Speaker
Description
The rapid growth of astronomical survey data presents both an opportunity and a challenge: while large datasets increase the chances of discovering rare or unexpected sources, manual inspection quickly becomes impractical at scale. This work presents the development and application of anomaly detection pipelines using Astronomaly, an active learning-based framework, applied to two distinct astronomical datasets spanning optical and radio wavelengths.

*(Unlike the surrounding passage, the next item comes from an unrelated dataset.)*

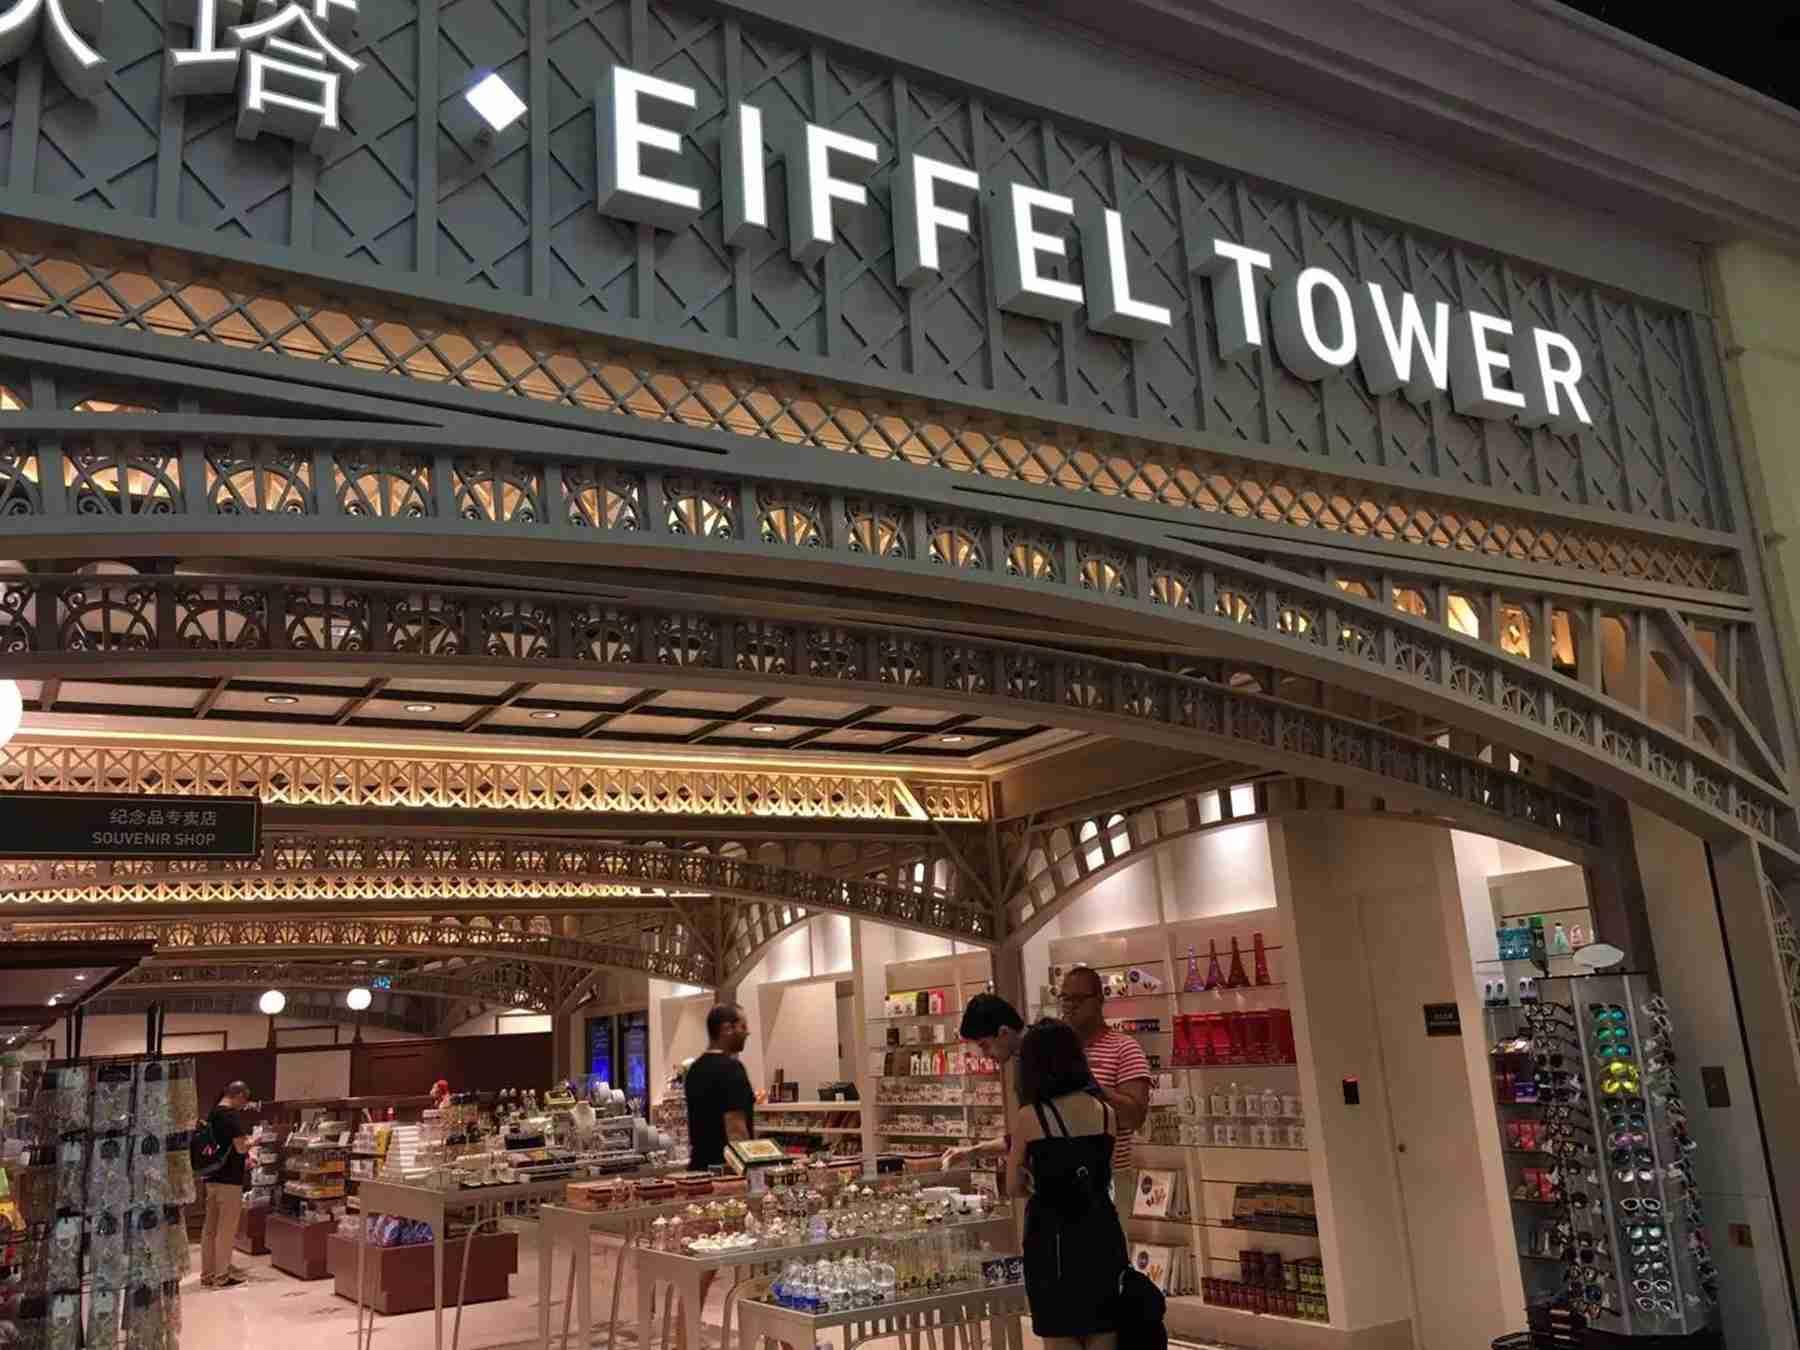 澳门巴黎人酒店埃菲尔铁塔入口

In the optical domain, approximately 4 million galaxy images from the Dark Energy Camera Legacy Survey was explored. This work involved careful data curation, selection criteria optimisation, and evaluation of multiple active learning strategies. The pipeline identified 1635 anomalies including gravitational lens candidates, galaxy merger candidates, and 18 previously uncatalogued sources with highly unusual morphologies, all from only a few hours of human labelling. In the radio domain, a targeted pipeline combining self-supervised feature extraction with active learning was developed to detect diffuse radio emission in galaxy clusters from the MeerKAT Galaxy Cluster Legacy Survey. Significant effort went into source extraction, resolution-dependent feature comparison, and the development of a novel data cut to preferentially retain extended emission. Of the top 100 ranked sources, 99% exhibited diffuse emission characteristics, with 55% confirmed as cluster-related.

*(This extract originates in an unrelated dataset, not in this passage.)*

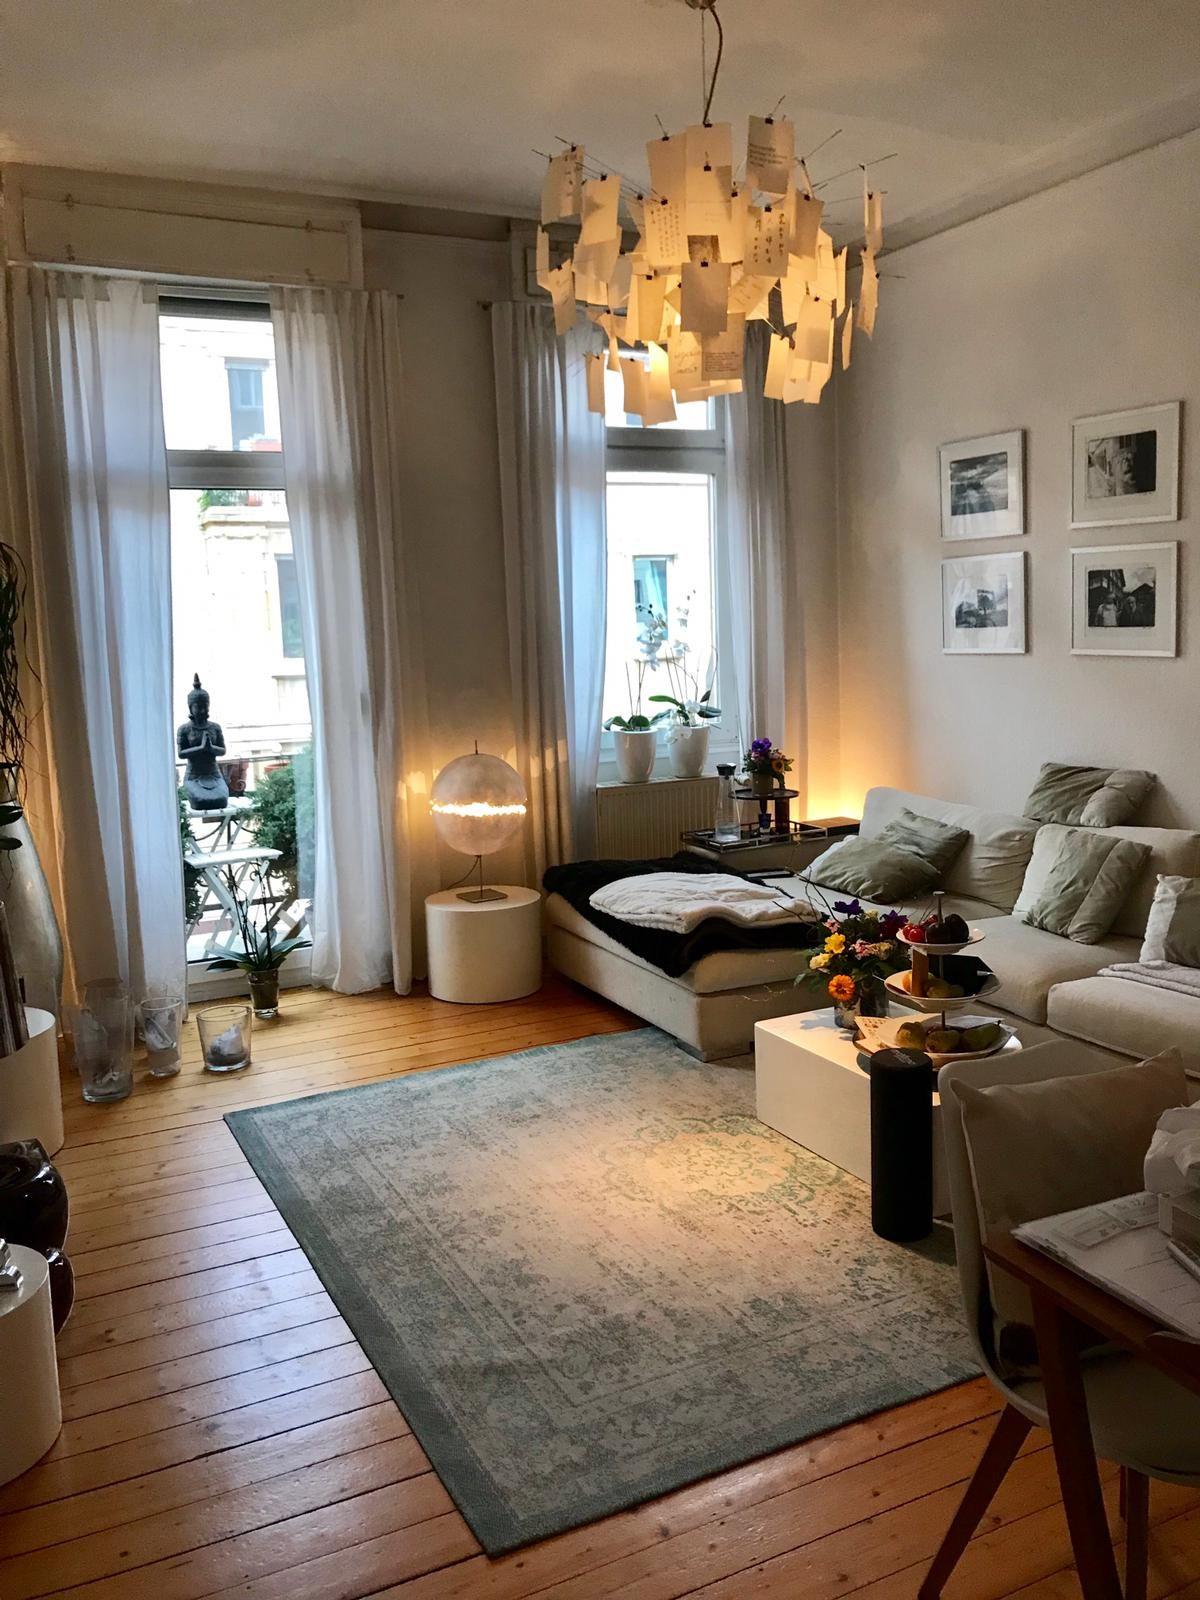 Gemütliches WG Wohnzimmer   Kleine wohnung einrichten wohnzimmer, Wohnzimmer ideen wohnung ...

Across both domains, active learning proves essential: unsupervised anomaly detection alone consistently prioritises imaging artefacts and uninteresting outliers over scientifically valuable sources. With minimal human input, active learning rapidly reorients the search toward sources of genuine interest, offering a scalable path to discovery in the era of next-generation facilities such as the Square Kilometre Array and the Vera C. Rubin Observatory.